I didn’t really understand what he meant back then — water comes from the tap! I even remember crossing the Descoberto River in a car, reading the name on the sign before the bridge, and just feeling further confused . . .

It wasn’t until i started cycle touring that i began to make a more mindful connection between the water from my tap and the sources and bodies of water around or underneath us — and it seems like i still have a long way to go establishing this connection.

I started writing this piece with the observation that i only need about 7 liters of water per day when i’m cycle touring for drinking, cooking and bathing — seven liters! Although i’ve only traveled so far in places where water is relatively abundant and clean, just having to look for water several times a day and carry all of it on me has already taught me a lot.

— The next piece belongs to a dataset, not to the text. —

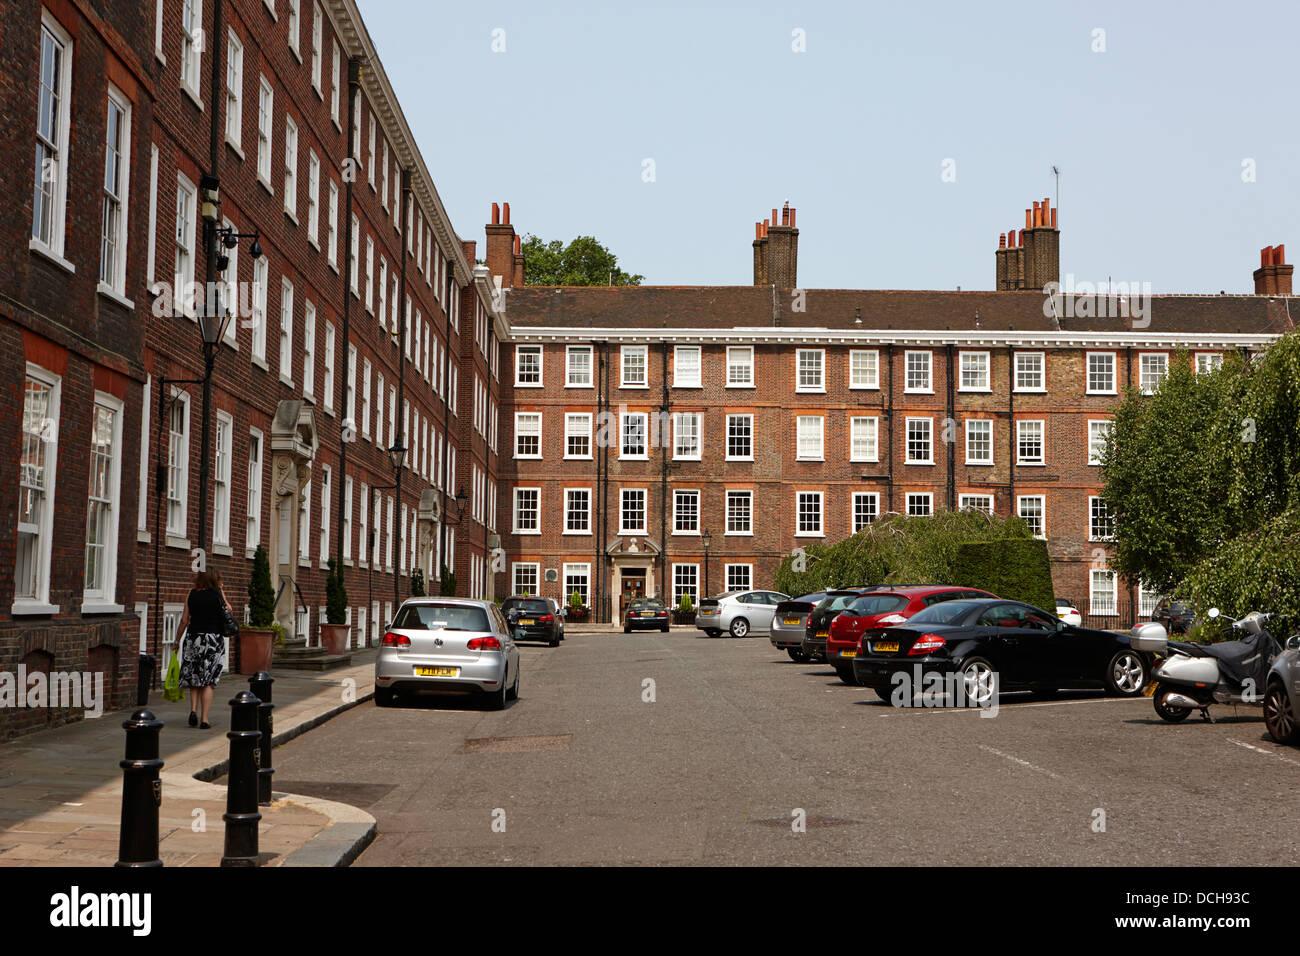 grays inn square London England UK - Stock Image

I felt pretty smug. I wanted to share this powerful lesson from the road and my water collection/consumption protocol with all of you.

Now i’m embarrassed that, upon further reflection, things might not be so simple — i’m still alienated from how much water goes into the meat i eat a lot more often when i’m on the road than when i’m not, or the laundry i’ll still do the “conventional” way at a host’s every one or two weeks, or just the infrastructure in general i benefit from (for “free”) during my travels.

And even that is just the beginning of hydro-ethical considerations.

Still as a kid, i was once thirsty walking back home on a hot day, and asked a landscaper if i could have some of the water he was working with — “of course, denying someone water is a sin,” said the man. I shared that exchange with Grandpa when i got home, adding that water should be free for everybody — “sure, but who’s going to pay for it?

Maybe Grandpa was onto something — maybe i did feel and act like i owned the Descoberto River — and didn’t have to share it with anybody else.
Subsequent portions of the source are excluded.